Bad Parts
Based on Appendix B of "JavaScript: The Good Parts"
- == and != are bad. Always use === and !==
- with statement - avoid it
- eval - can be dangerous. Don't use it.
- continue - Douglas Crockford recommends to avoid it as you can write code without it.
- switch - Always break. Don't let it fall through.
- Block-less statement - always use {} after 'if'.
- ++ -- - Douglas Crockford recommends to avoid them. I think there are places where they can be used without problems.

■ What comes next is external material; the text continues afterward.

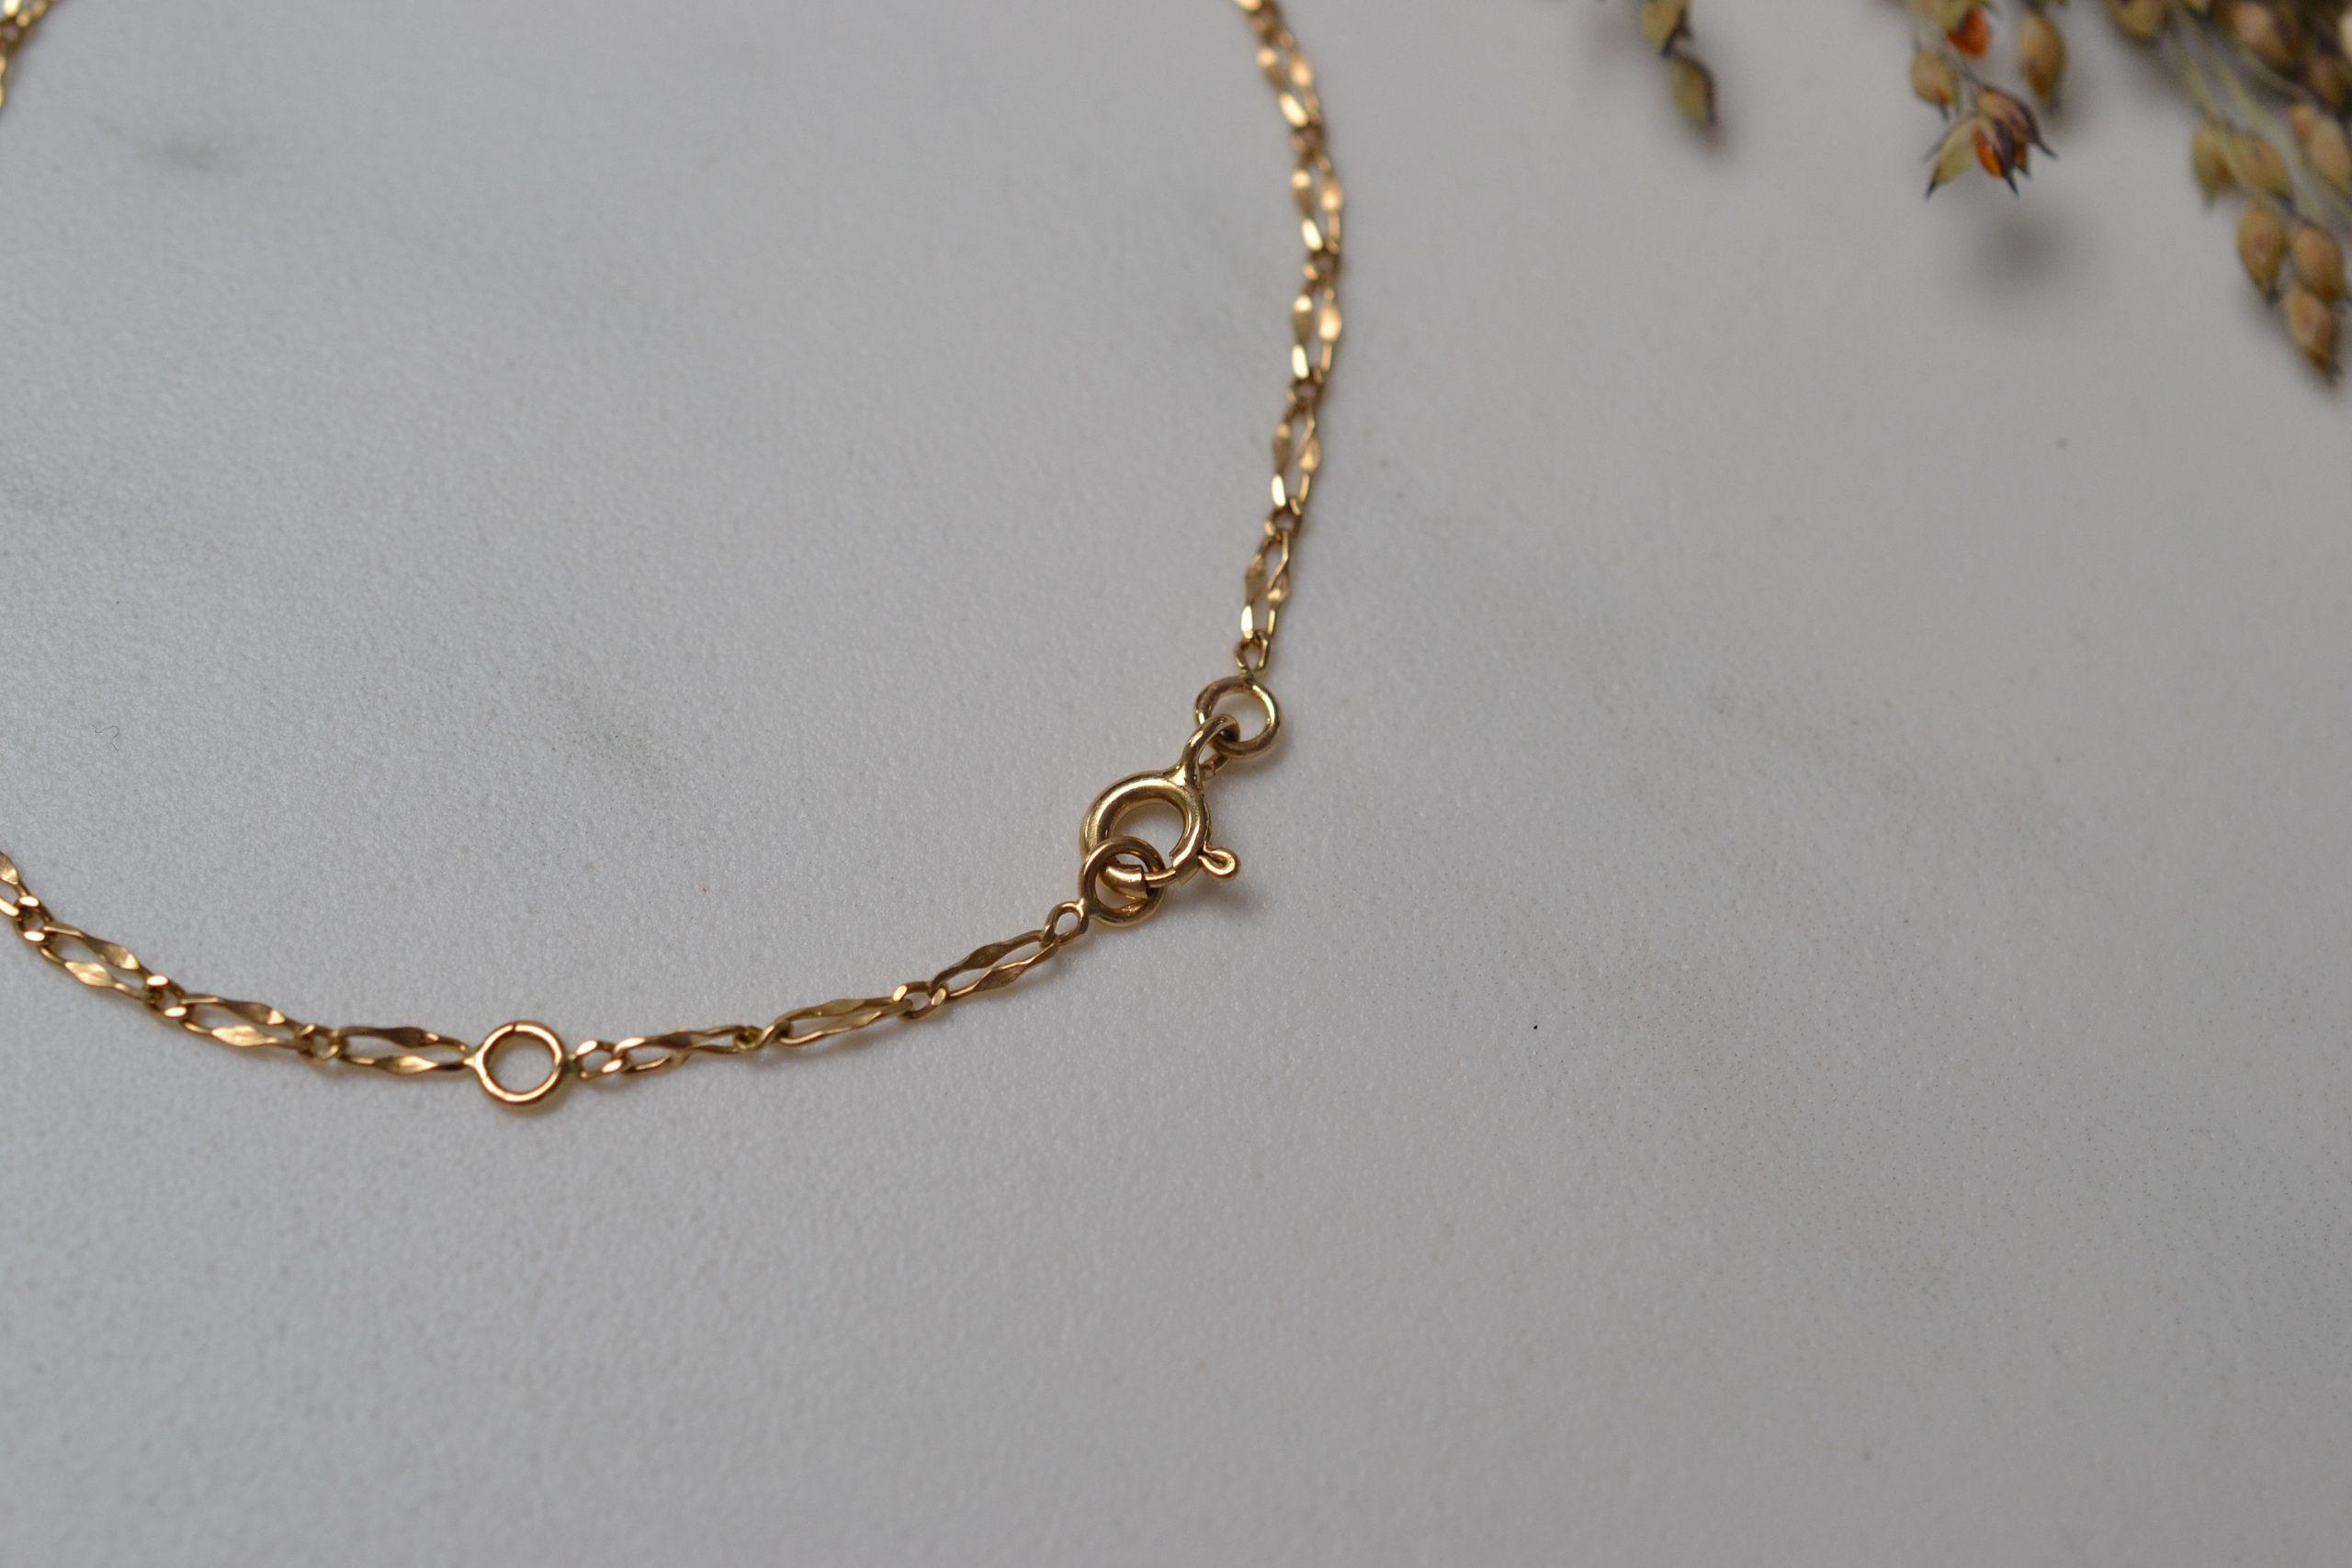 Fin bracelet en Or jaune, maille figaro alternee (1x1) et torsadee - bracelet de seconde main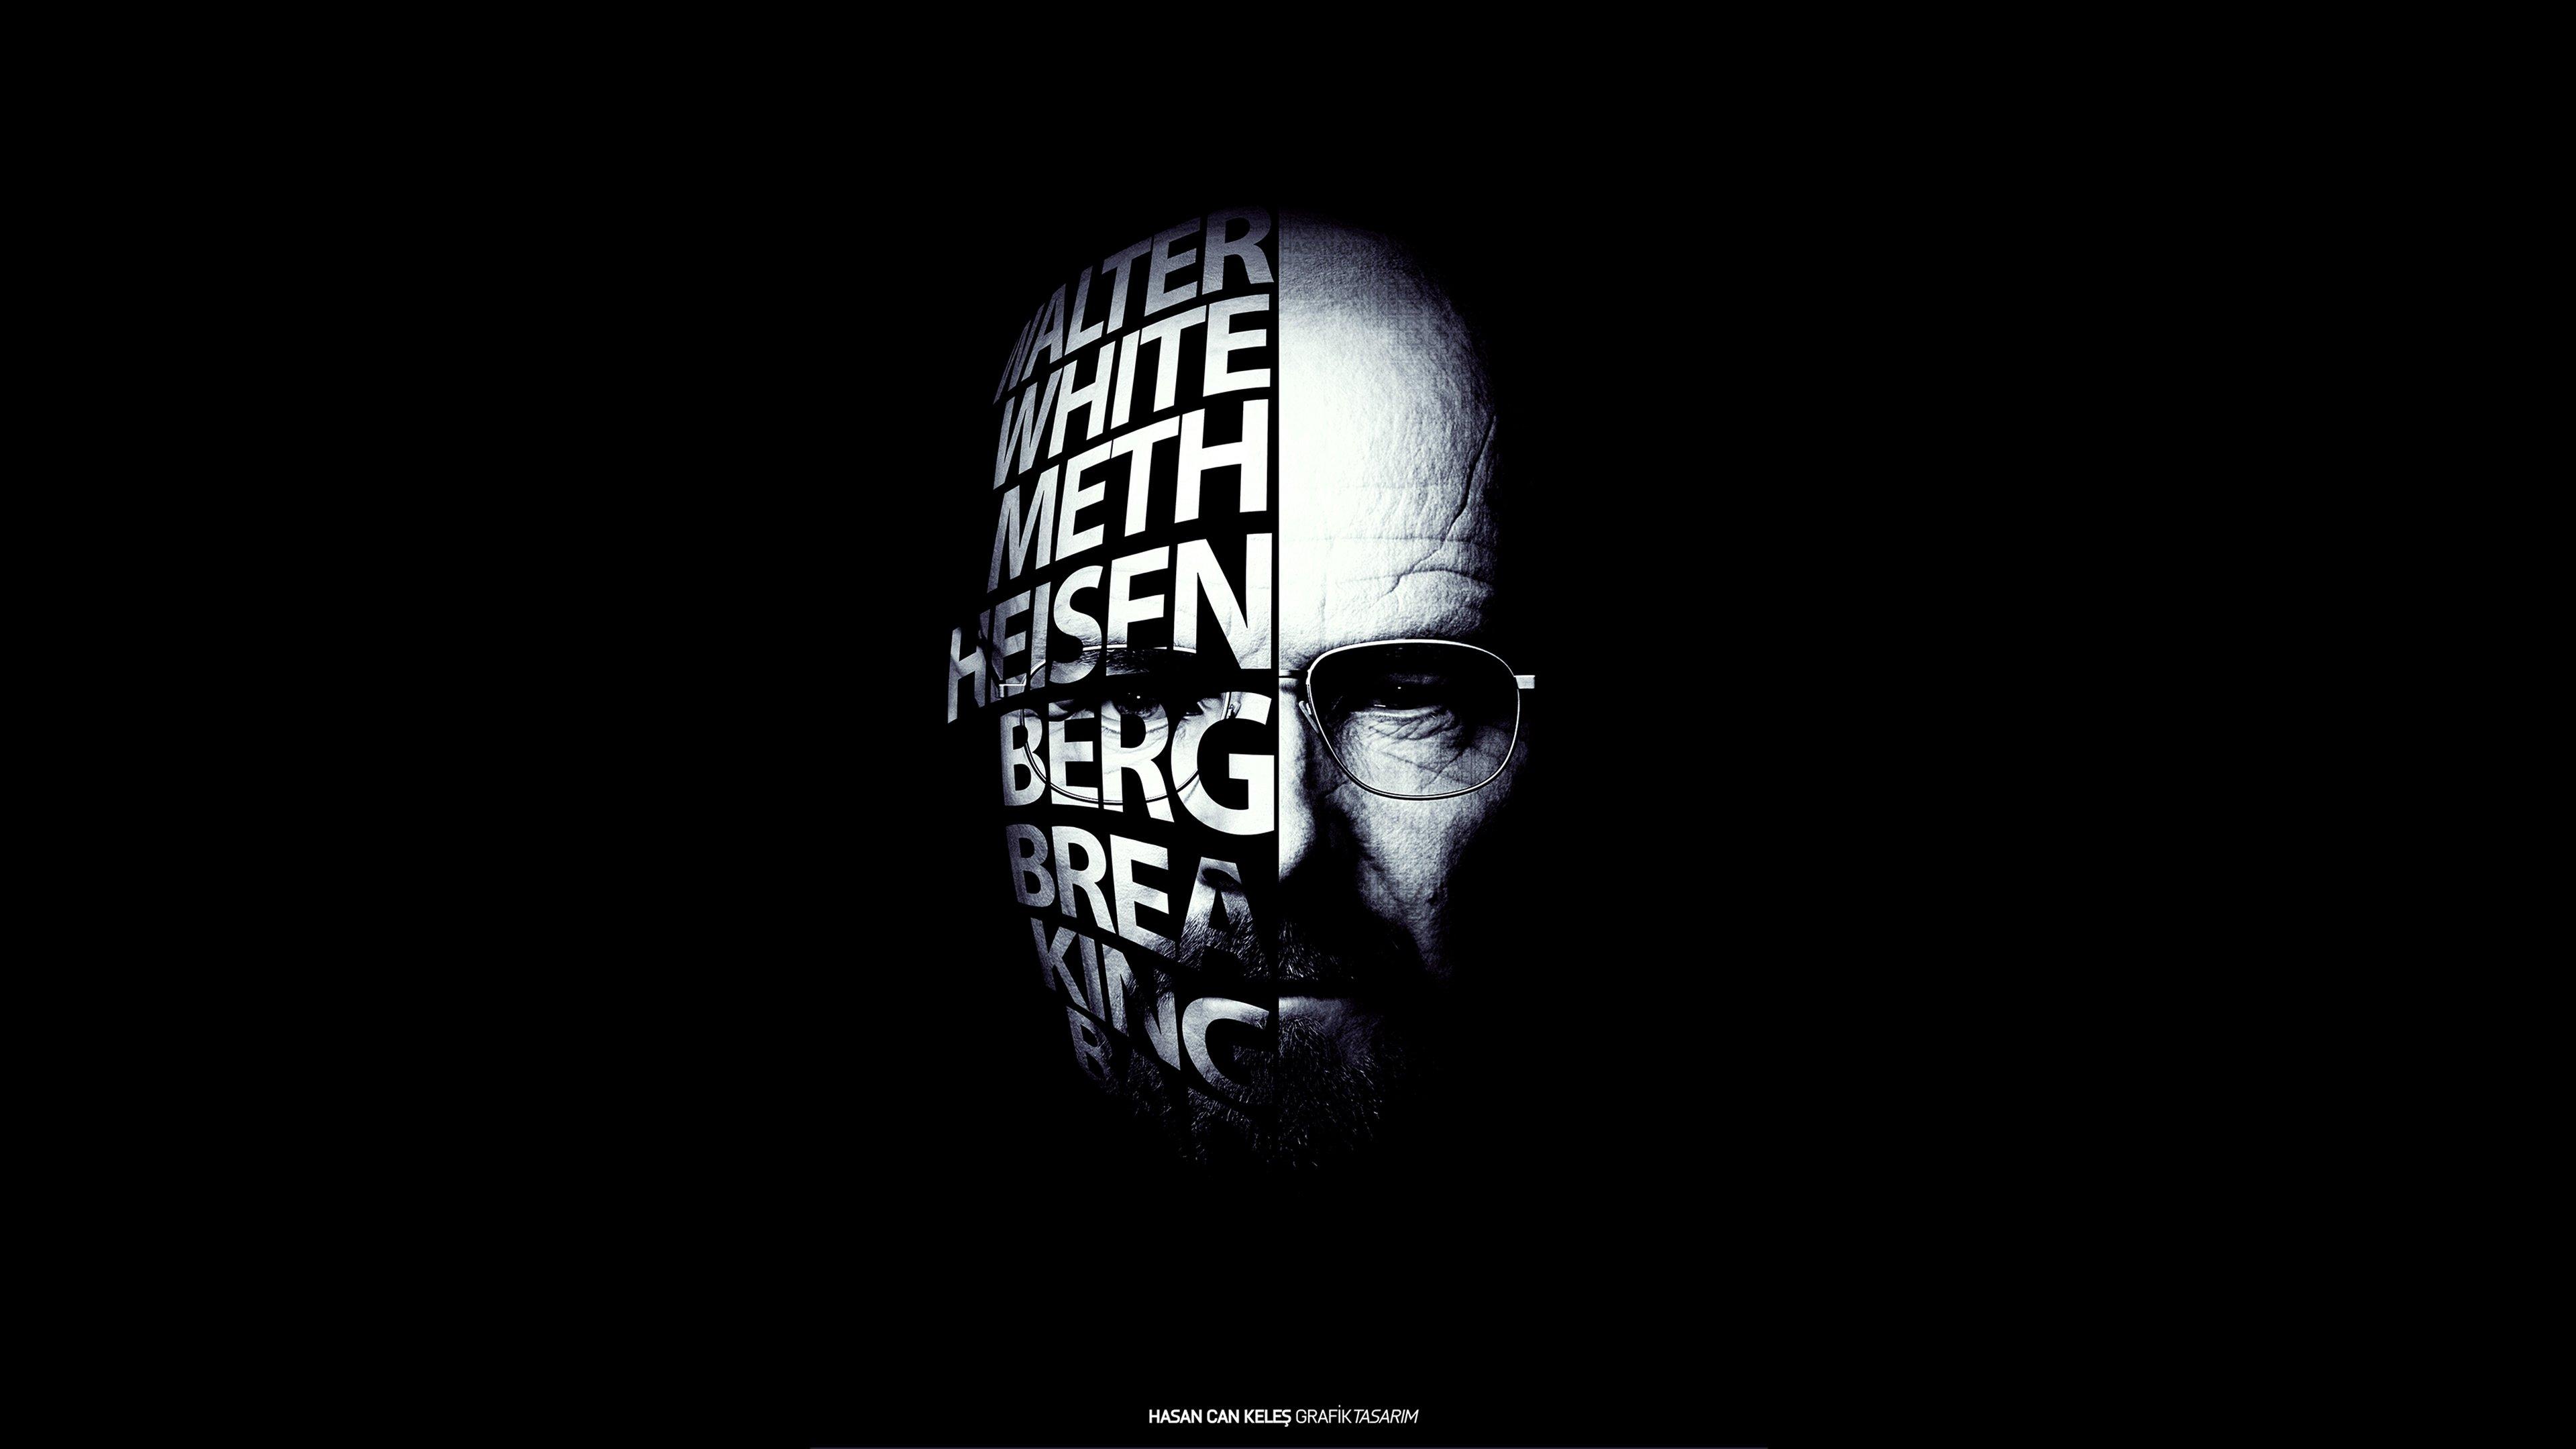 Heisenberg Breaking Bad Wallpaper 4k Ultra Hd Id3701

- Bitwise operators - usually there is no need for them in JavaScript.
- Function statement vs Function expressions
- Typed Wrappers - avoid new Boolean, new Number, new String, new Array, new Object
- new - name constructor functions with leading capital letter, or even better: avoid using 'new'.
- void - avoid it
examples/js/function_statement.js
function add(x, y) { ... }
examples/js/function_expression.js
add = function (x, y) { ... };
A good way to enforce that everything is private is to wrap the whole code in an anonymous function expression, and execute it upon parsing it.
examples/js/global_function_expression.js
(function() { ... // No new global variables })();
The official ECMAScript grammar states, that if the first word is 'function' then it is part of a function statement, but this is a function expression. That why we add a pair of () around the function.